Phase I Study of Mebendazole Therapy for Recurrent/Progressive Pediatric Brain Tumors

The primary objectives of this study are to determine the maximum tolerated dose (MTD) of
oral mebendazole in patients with recurrent/progressive pediatric brain tumors and to confirm
the tolerance of the MTD of oral mebendazole by assessing tolerance in a dose expansion
cohort. Secondary Objectives of the study include to determine the safety, tolerability and
toxicity of mebendazole in this patient population, determine the plasma levels of
mebendazole in this patient population and Determine progression-free and overall survival of
mebendazole in an extended cohort of patients with treatment refractory pediatric brain
cancer.

Mebendazole (MBZ) is a drug developed to treat human helminthic disease and is FDA-approved
for the treatment of roundworm, common hookworm, American hookworm, pinworm and whipworm. MBZ
use is well documented and frequently used in tropical countries at higher doses for the
rarer parasitic infections of the brain.

We have shown efficacy in preclinical laboratory models of high grade glioma and
medulloblastoma. Mebendazole therapy demonstrated safety in a phase I clinical trial for
adults with high grade gliomas such as glioblastoma. This trial completed the maximum
approved enrollment of 24 patients treated with mebendazole, with high doses consistent with
dosing published for severe parasitic infections.

Laboratory studies indicate that mebendazole enters the brain and brain tumors at
concentrations that may be effective for a combination of anti-cancer mechanisms. In animal
models of brain cancer evidence suggest that mebendazole can prevent cell proliferation by
interfering with tubulin formation, and it may prevent the formation of new abnormal blood
vessels that feed tumor growth.

The patients for this experimental trial are those between the age of 1 to 21 with the
diagnosis of medulloblastoma, or high grade glioma, where the tumor has resumed growth or
continued to grow despite standard medical therapy. High grade glioma are those with a World
Health Organization (WHO) grade of III or IV. It includes diagnosis of pediatric
glioblastoma, anaplastic astrocytoma, and diffuse intrinsic pontine glioma.
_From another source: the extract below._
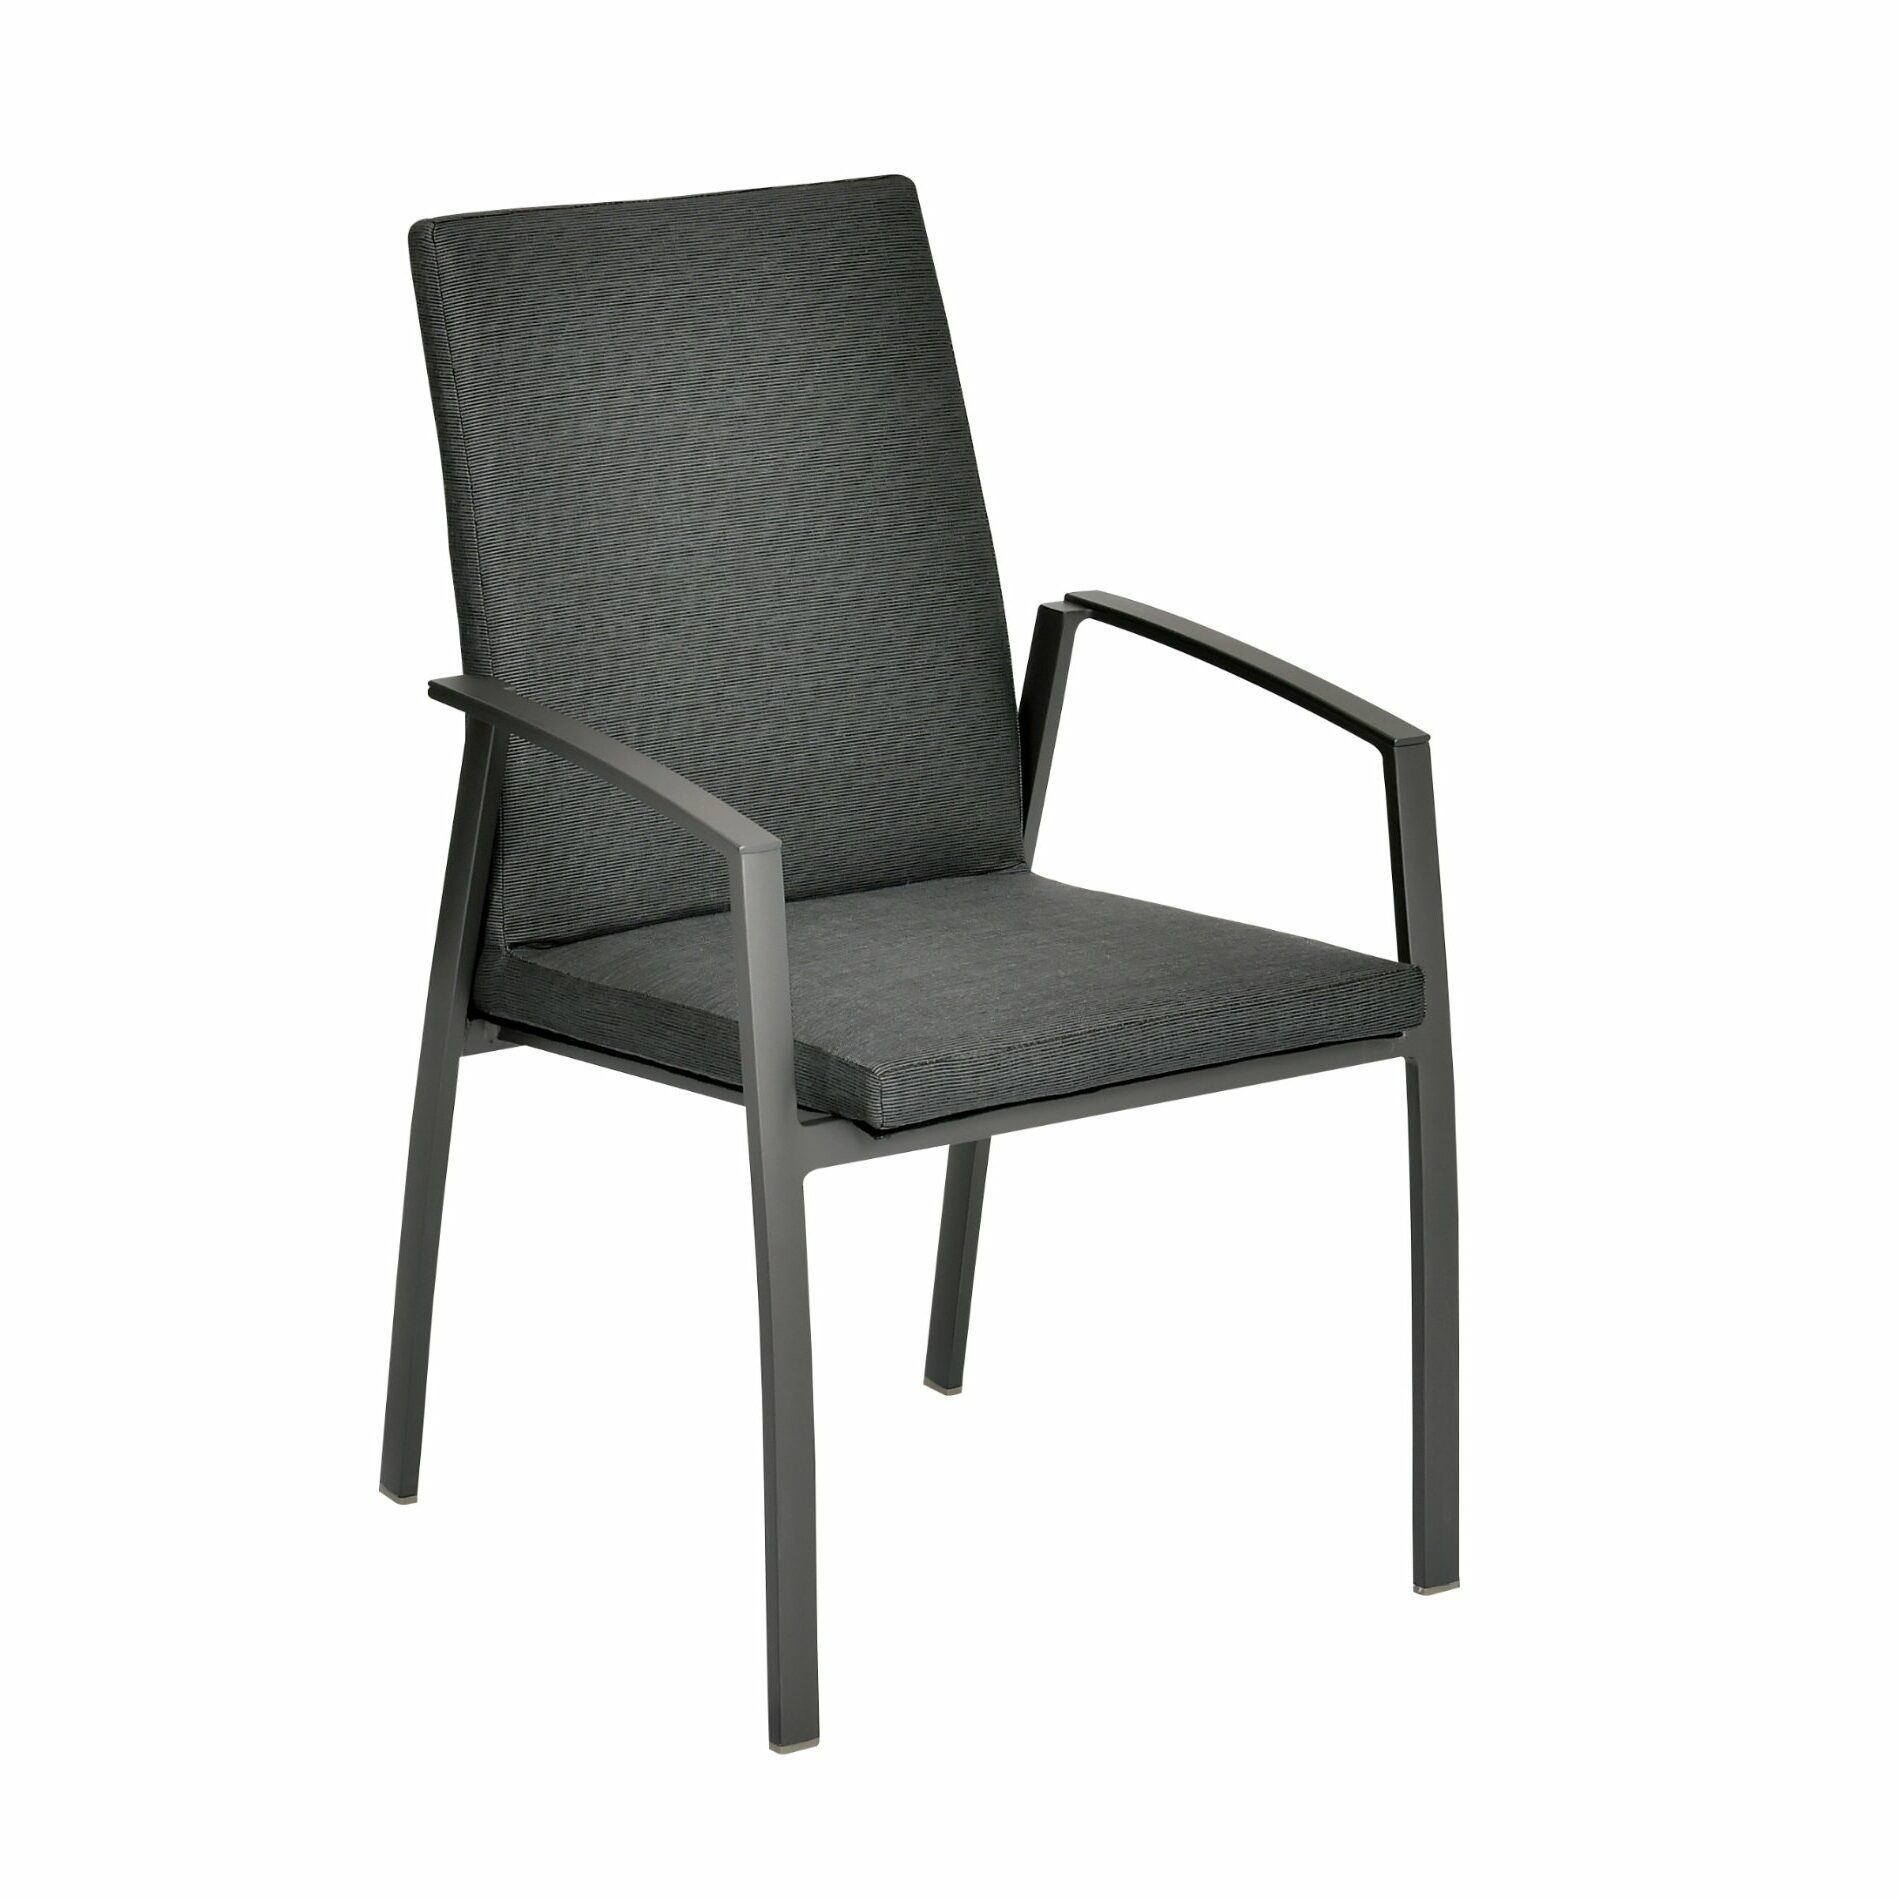 SIT Mobilia "Portimao" Stapelstuhl, Gestell Aluminium eisengrau, Sitzfläche Textilgewebe Eden black, gepolstert

Patients who have
failed other forms of experimental therapy may also be eligible for this trial.

Mebendazole is provided at no cost in the form of a chewable 500 mg tablets, recommended to
be taken three times daily with meals or food. The pill can be chewed after meals, or ground
up to be mixed with food or drink. It has a mild orange flavor that is similar in consistency
to an antacid tablet.

Although side effects are rare and the vast majority are reversible, they include stomach
upset, decreased blood count, and elevated liver enzymes due to inflammation.

The main additional procedure beyond taking this drug, is that patients are requested to
consent to up to three additional blood draws to check the blood (serum) levels of the drug
to ensure it is being absorbed at sufficient doses.

Patients can continue to receive the drug as long as in the attending physicians opinion the
therapy is not causing any severe side effects, and there is no clear indication that the
patient will not respond to mebendazole therapy. Patients can withdraw from this trial at any
time for any reason, and may be eligible for other experimental therapies afterwards.

Inclusion Criteria:

1. Patients must have a confirmed recurrent/progressive brain malignancy that have failed
at least one prior treatment regimen.

2. Age for inclusion in this trial at time of patient enrollment is ≥ 1 year, and up to
21 years (prior to the 22nd birthday) with any of the recurrent medulloblastoma or
recurrent high grade glioma may be consented and treated under this protocol. Patients
who turn 22 during the course of the trial will continue to be treated.

3. Karnofsky Performance Score (KPS) > 50% for patients ≥10 years of age. Lansky score of
≥ 50 for children < 10 years of age.

4. Life expectancy greater than 10 weeks.

5. Patients must have adequate organ and marrow function as defined below:

- Leukocytes ≥ 3,000 cells per microliter

- Absolute Neutrophil Count ≥ 750 cells per microliter

- Platelets ≥ 75,000 cells per microliter

- aspartate aminotransferase (AST)/alanine aminotransferase (ALT) ≤ 2.5 x upper
limit of normal

- Total Bilirubin < 1.5 x upper limit of normal

- Creatinine < 1.5 x upper limit of normal OR

- Creatinine Clearance ≥ 60 mL/min/1.73m2 for patients with creatinine > 1.5 x
upper limit of normal

6. The effects of mebendazole on the developing human fetus are unknown. In rats there is
evidence of a teratogenic effect, although there is no evidence of adverse effect from
women accidently taking mebendazole (at lower doses) during pregnancy. For this
reason, women of child-bearing potential should agree to use birth control while
taking mebendazole if there is a reasonable risk of pregnancy. Should a woman become
pregnant or suspect she is pregnant while participating in this study, she should
inform her treating physician immediately.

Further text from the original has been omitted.